Implementasi UU Otonomi Daerah juga semakin membuat penyuluhan pertanian menjadi tidak pasti baik dalam afiliasi kelembagaan maupun personalianya. Meskipun salah satu hal ideal yang ingin dicapai dengan otonomi daerah adalah mendekatkan pelayanan kepada khalayak sesuai dengan kondisi lokal, namun dalam prakteknya masih jauh dari harapan.

Bagi daerah dimana kepala daerah dan politisi lokalnya memiliki perhatian besar pada pembangunan pertanian maka pembangunan dan penyuluhan pertanian berkembang pesat. Namun sebaliknya,  cukup banyak kepala daerah dan politisi lokal yang tidak memandang penting atas pembangunan pertanian, akibatnya kedudukan penyuluhan pertanian menjadi tidak jelas bahkan banyak yang dibubarkan.

Revitalisasi Penyuluhan

Masa-masa suram pembangunan pertanian dan lebih khusus lagi penyuluhan pertanian telah berdampak pada stagnasi produksi pertanian. Hal ini juga telah medorong pemerintah pusat dan DPR untuk merancang perundangan penyuluhan pertanian. Melalui pembahasan panjang dan melelahkan, pada Oktober 2006 telah diundangkan UU No.16/2006 tentang Sistim Penyuluhan Pertanian, Perikanan dan Kehutanan (SP3K). Salah satu amanat UU tersebut adalah pembentukan kelembagaan penyuluhan di berbagai level administrasi pemerintahan, selain itu pemerintah daerah harus berkontribusi terhadap pendanaan kelembagaan dan operasionalisasinya.

Dalam prakteknya tidak mudah, interpretasi UU Otonomi Daerah yang memberi ruang besar bagi kepala daerah dan DPRD untuk mengatur kelembagaan daerah kadang-kadang mengabaikan dan tidak memberi ruang yang cukup atas amanat UU SP3K.

Implementasi kebijakan penyuluhan yang lain adalah perekrutan petugas penyuluh bantu/kontrak yang ditagetkan mencapai 10.000 orang sampai dengan 2007. Langkah ini cukup membantu mengatasi persoalan kekurangan penyuluh lapangan di daerah akibat banyak petugas pensiun atau beralih lembaga dan profesi setelah otonomi daerah. Dalam banyak kasus, kinerja penyuluh bantu juga diragukan karena dengan status kontrak sebagian digunakan sebagai batu loncatan untuk mencari pekerjaan yang lebih permanen.

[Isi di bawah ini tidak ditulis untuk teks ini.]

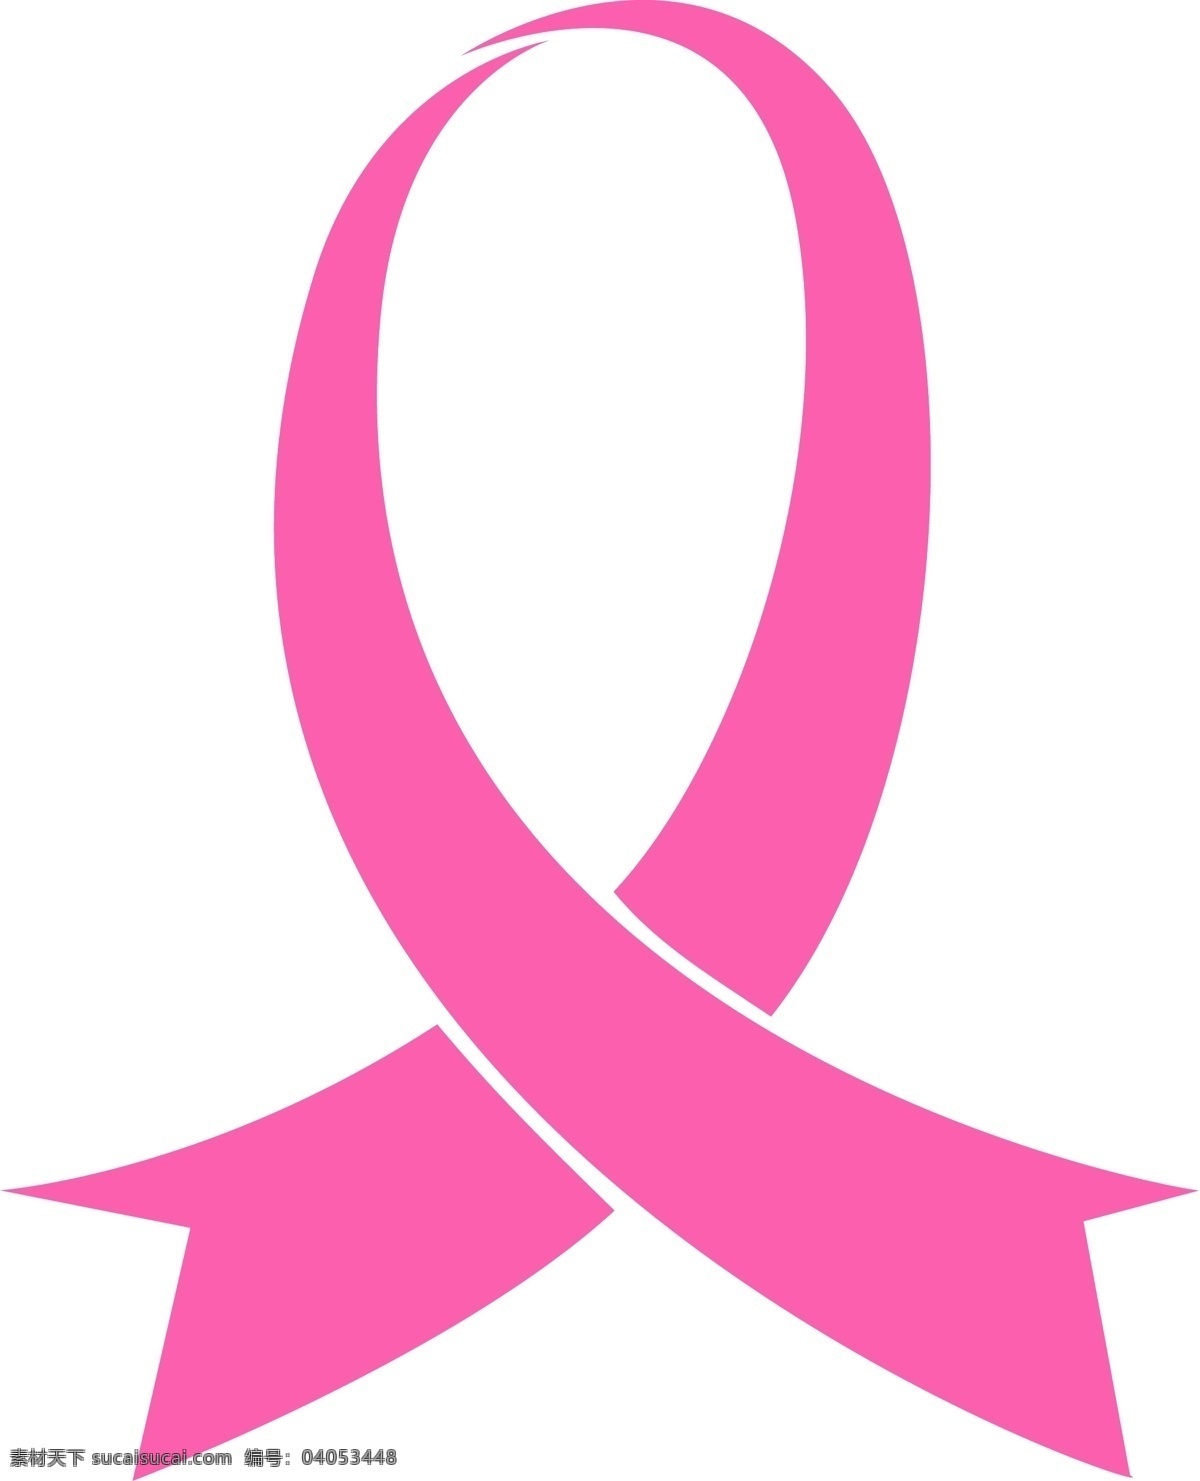 粉红丝带 防治乳腺癌 基金 logo 公共标识标志 标识标志图标 矢量
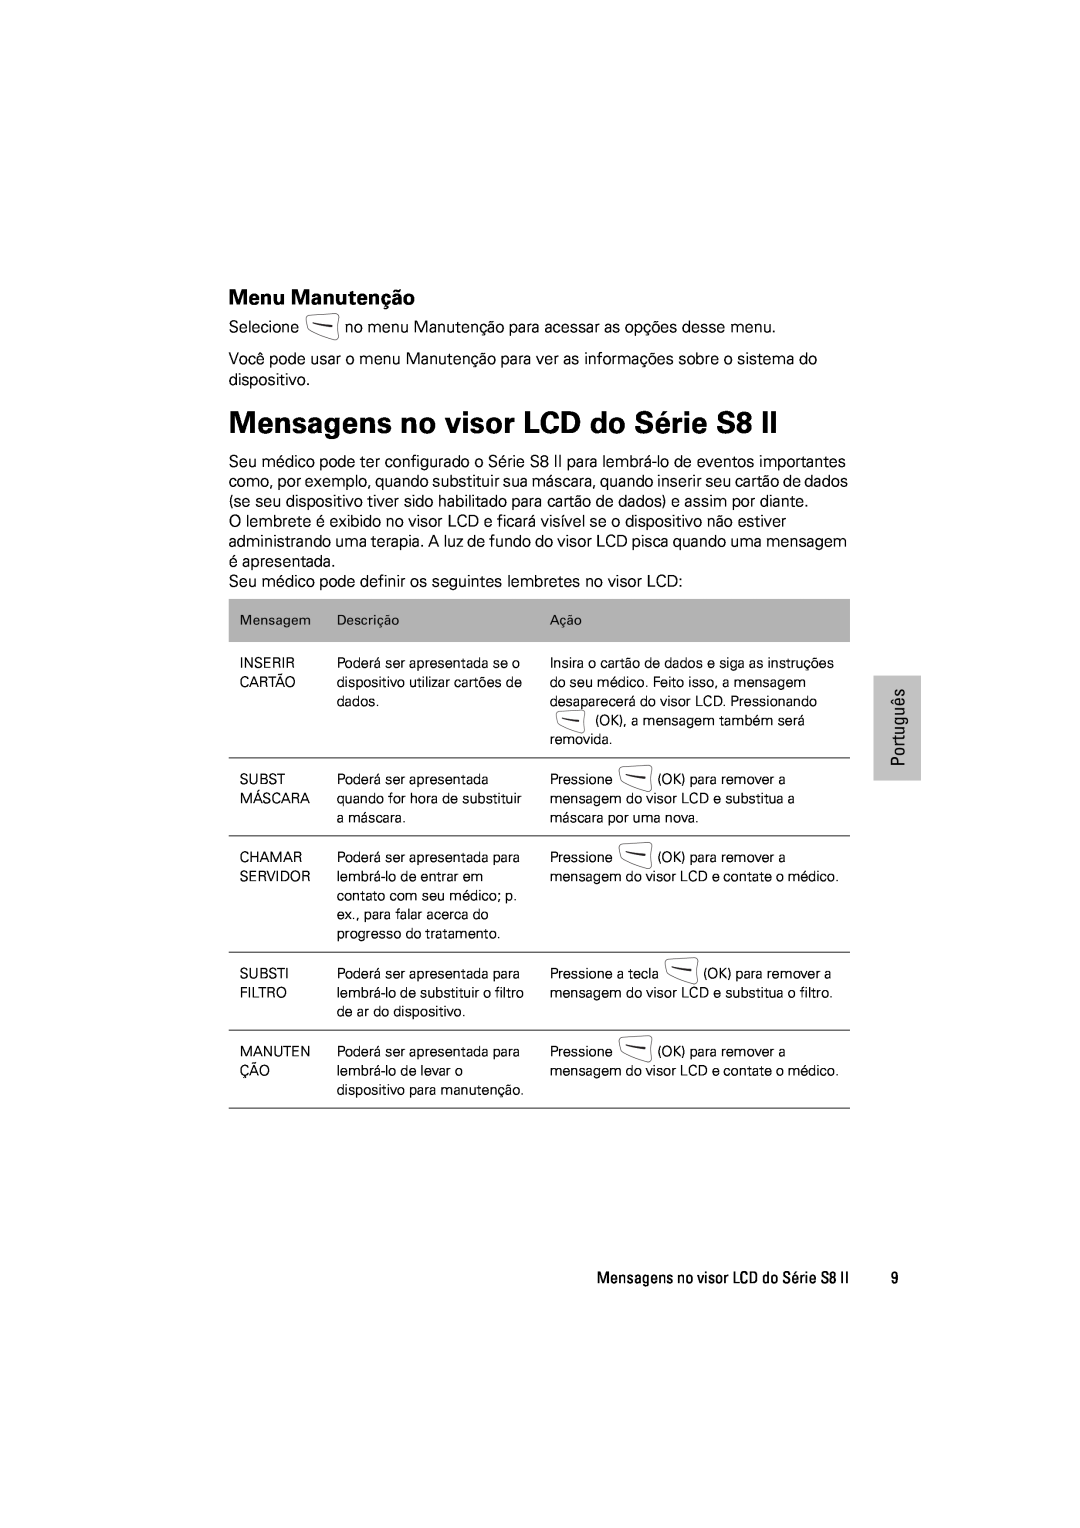 ResMed s8 manual Mensagens no visor LCD do Série S8, Menu Manutenção, Português

Status tersebut mempengaruhi semangat dan kinerjanya di lapangan sehingga perlu ditinjau kembali.

Tantangan Masa Depan

Sejalan dengan perubahan dan tuntutan global, dunia pertanian juga mengalami dinamika yang luar biasa. Model pendekatan lama dimana penyuluhan merupakan agen transfer teknologi dan informasi sudah tidak cukup. Tuntutan di lapangan semakin rumit sehingga jika penyuluhan pertanian sebagai penyedia public goods tidak bisa berperan dengan baik maka akan semakin ditinggalkan oleh penguna tradisionalnya. Pada saat ini penyuluh-penyuluh lapangan swasta yang juga merupakan pelayan teknis perusahaan sarana produksi nasional dan multinasional juga telah merambah ke desa-desa.

Daram era baru pertanian, penyuluh lapangan dituntut untuk memiliki fungsi paling tidak dalam tiga hal yaitu transfer teknologi (technology transfer), fasilitasi (facilitation) dan penasehat (advisory work). Untuk mendukung fungsi-fungsi tersebut, penyuluh pertanian lapangan mestinya juga menguasai dan memanfaatkan teknologi informasi dan komunikasi.

Tema-tema penyuluhan juga bergeser tidak hanya sekedar peningkatan produksi namun menyesuaikan dengan isu global yang lain misalnya bagaimana menyiapkan petani dalam bertani untuk mengatasi persoalan perubahan iklim global dan perdagangan global. Petani perlu dikenalkan dengan sarana produksi yang memiliki daya adaptasi tinggi terhadap goncangan iklim, selain itu teknik bertani yang ramah lingkungan, hemat air serta tahan terhadap cekaman suhu tinggi nampaknya akan menjadi tema penting bagi penyuluhan pertanian masa depan.